Of the 47 criteria sets, the stated purpose or purposes were differentiation of one rheumatic disease from another in 34 (72%) of the sets, use in epidemiologic studies in 7 (15%) of the sets, and both of these purposes in 4 (9%) of the sets. The purpose or purposes were unspecified in 2 (4%) of the sets.

The method or methods used for item generation in the 47 criteria sets were literature search only in 2 (4%) of the sets, expert opinion in 24 (51%) of the sets, a combination of literature search and expert opinion in 16 (34%) of the sets, and other methods in 3 (6%) of the sets. The methods used for item generation were unspecified in 2 of the sets (4%).

In the total 47 criteria sets, cases and control participants were recruited from academic practices in 14 (30%) of the studies, from community practices in 5 (11%) of the studies, and from unclear sources in 10 (21%) of the studies. There were no case and control participants in 23 (49%) of the studies. The control sample population consisted of patients with rheumatic disease in 15 (32%) of the studies, patients with nonrheumatic disease in 4 (9%) of the studies, and healthy participants in 2 (4%) of the studies. The control sample population was unclear in 2 (4%) of the studies, and a control sample population was not applicable in 29 (62%) of the studies. The number of cases and controls in each study ranged from 0 to 588, and 0 to 787, respectively. Investigators who derived the criteria sets and clinicians who provided cases and controls were completely different groups in 1 (2%) of the studies, the groups overlapped in 5 (11%) of the studies, the groups were the same in 6 (13%) of the studies, the relationship was unclear in 12 (26%) of the studies, and this concern was not applicable in 23 (49%) of the studies.

Authors commented on the need for each criterion to be reliable in 5 (11%) of the criteria sets, precise in 5 (11%) of the sets, and readily available in 4 (9%) of the sets.

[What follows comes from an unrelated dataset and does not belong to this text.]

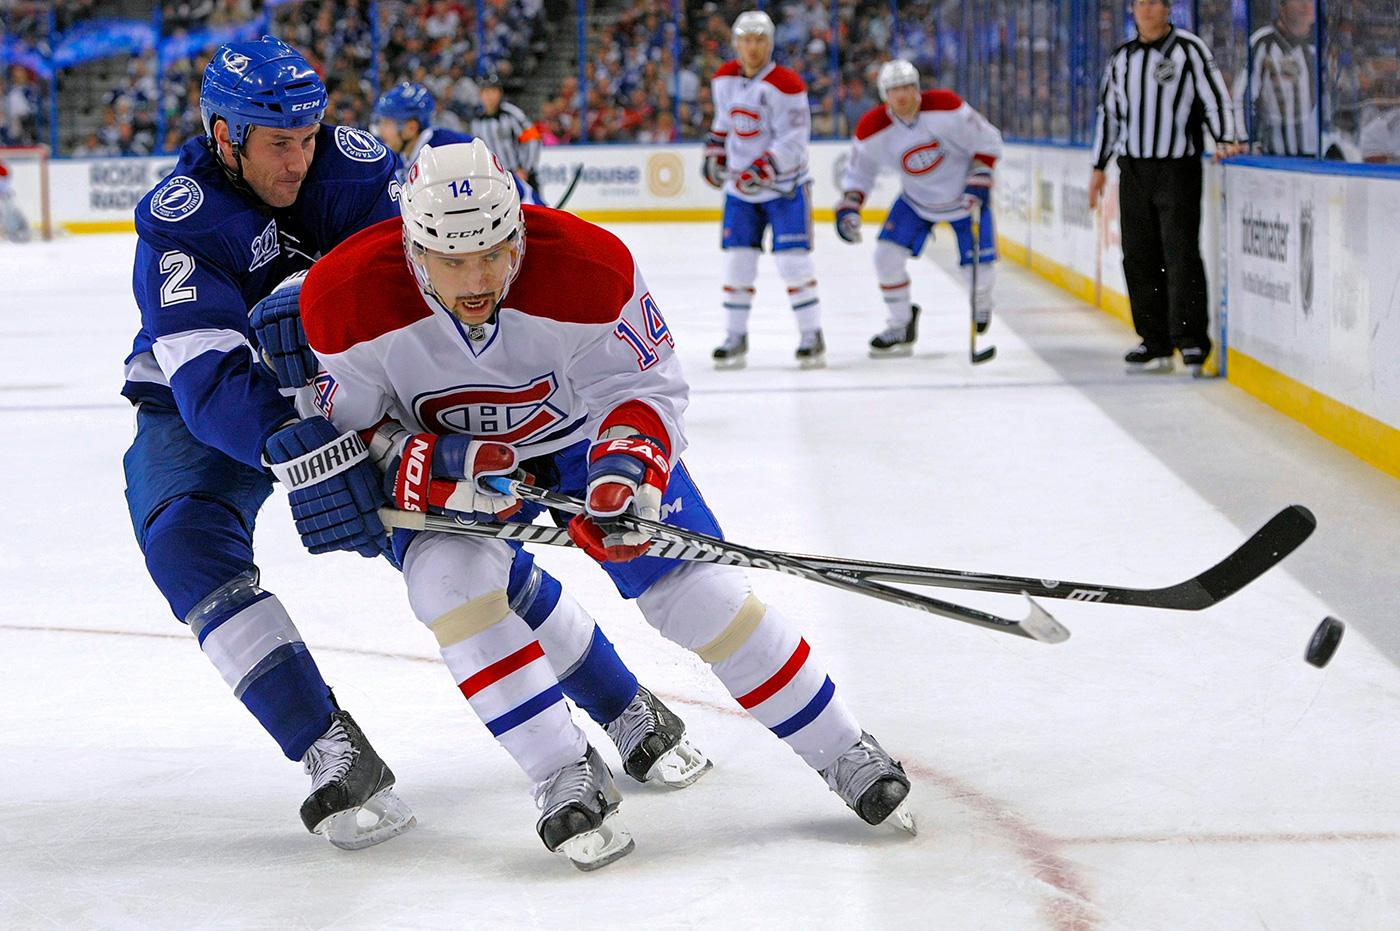 LNH Canadiens

To rank potential criteria, 19 (40%) of the studies used relatively simple tests (e.g., sensitivity, specificity, area under the ROC curve, frequency, chi-square, t-test, Wilcoxon's rank sum test, and/or regression modeling), and 3 (6%) of the studies used more sophisticated methods (e.g., latent class analysis, factor analysis, recursive partitioning, and/or cluster analysis). The tests used to rank criteria were not specified in 6 (13%) of the studies, and criteria ranking was not applicable in 20 (43%) of the studies. Seventeen (36%) of the studies used the same relatively simple statistical methods listed above for item reduction, and 6 (13%) of the studies used the more sophisticated methods. Methods of item reduction were not specified in 7 (15%) of the studies and were not applicable in 21 (45%) of the studies.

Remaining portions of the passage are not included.